Gość w dom, Bóg w dom
Jak sama Paulina podkreśla, pochodzi z tradycyjnej polskiej rodziny. Mama krząta się w kuchni, a tata pełni rolę gospodarza, dbając, by niczego nam nie brakowało. Częstują nas ciastem i proponują własnoręcznie zrobione pierożki. Choinka już gotowa. Jak co roku ubierała ją Paulina.
- Choinka to jest już jej sprawa. Ja bym tak nie mogła się zastanawiać, pochylać nad każdą bombką. Paulinka zawsze się stara, żeby choinka była dopracowana w każdym calu - komentuje pani Elżbieta, która jest bardzo energiczną i kontaktową osobą.
W tym roku Paulina miała jednak znacznie mniej czasu niż zwykle na domowe porządku. - Córcia ma teraz trochę więcej obowiązków, więc zwolniłam ją ze sprzątania. Dotychczas zawsze bardzo dużo pomagała. Można powiedzieć, że robiła wszystkie przedświąteczne porządki. Wracałam z pracy i miałam to już z głowy - opowiada pani Elżbieta.
Paulina podkreśla, że co roku spędza święta z rodziną. Nie widzi powodów, żeby w tym było inaczej.

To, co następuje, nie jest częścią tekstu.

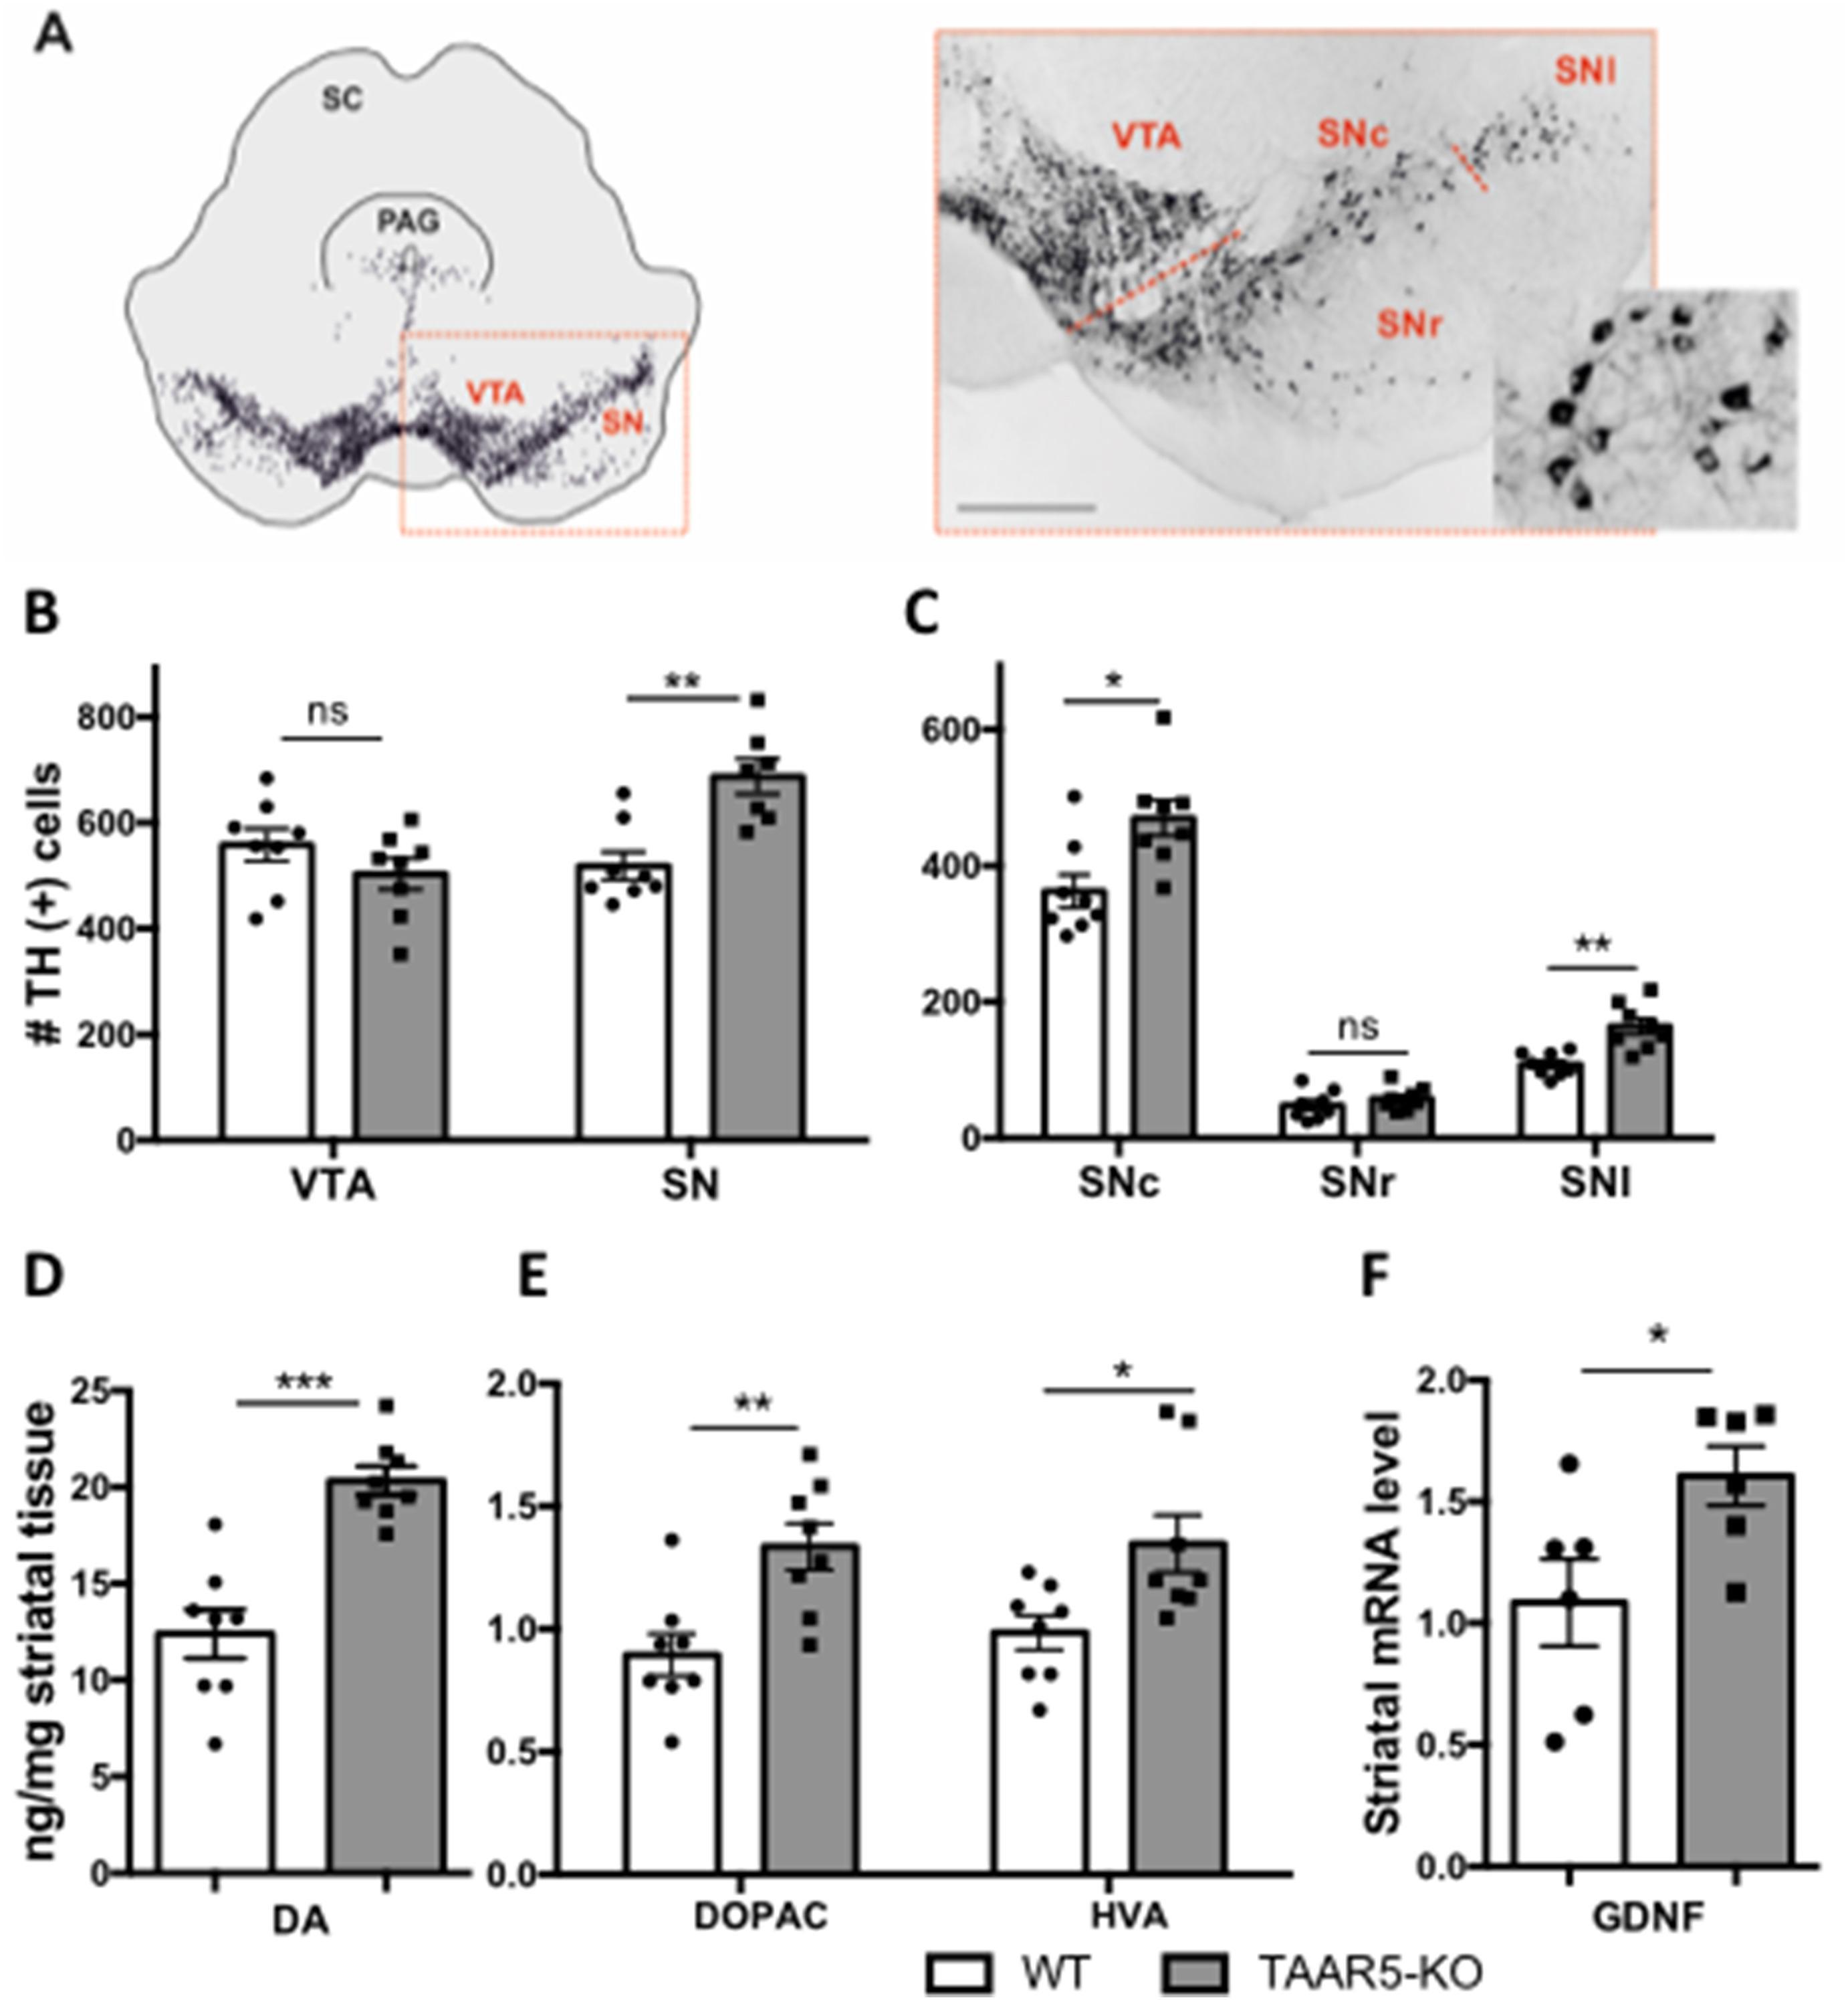 Новая нейромедиаторная система на основе следовых аминов способна восстанавливать нервные клетки у взрослых особей

- Nie zamierzam nic zmieniać ani w świętach ani w moim życiu. Wiadomo, że Miss Polski ma zobowiązania, ale tradycja tradycją i Boże Narodzenie spędzam z najbliższymi. Uważam, że trzeba być sobą przede wszystkim i o to będę dbała przez ten rok panowania - mówi. - Rodzice zawsze mówili, że jestem aniołkiem - śmieje się Paulina. - A teraz jesteś naszą prawdziwą księżniczką - wtrąca mama.
Płeć piękna rządzi
W domu rodzinnym korona zajmuje honorowe miejsce na specjalnej półce w salonie. Co prawda korona na głowie, ale Miss głowy nie nosi zbyt wysoko. Paulina nie bawi się w księżniczkę i chętnie pomaga rodzicom. Dom jest już pięknie wysprzątany, choinka wystrojona, ale pozostały jeszcze wypieki.
- W naszym domu przygotowaniami do świąt zajmują się zazwyczaj kobiety - mówi z uśmiechem pan Witold.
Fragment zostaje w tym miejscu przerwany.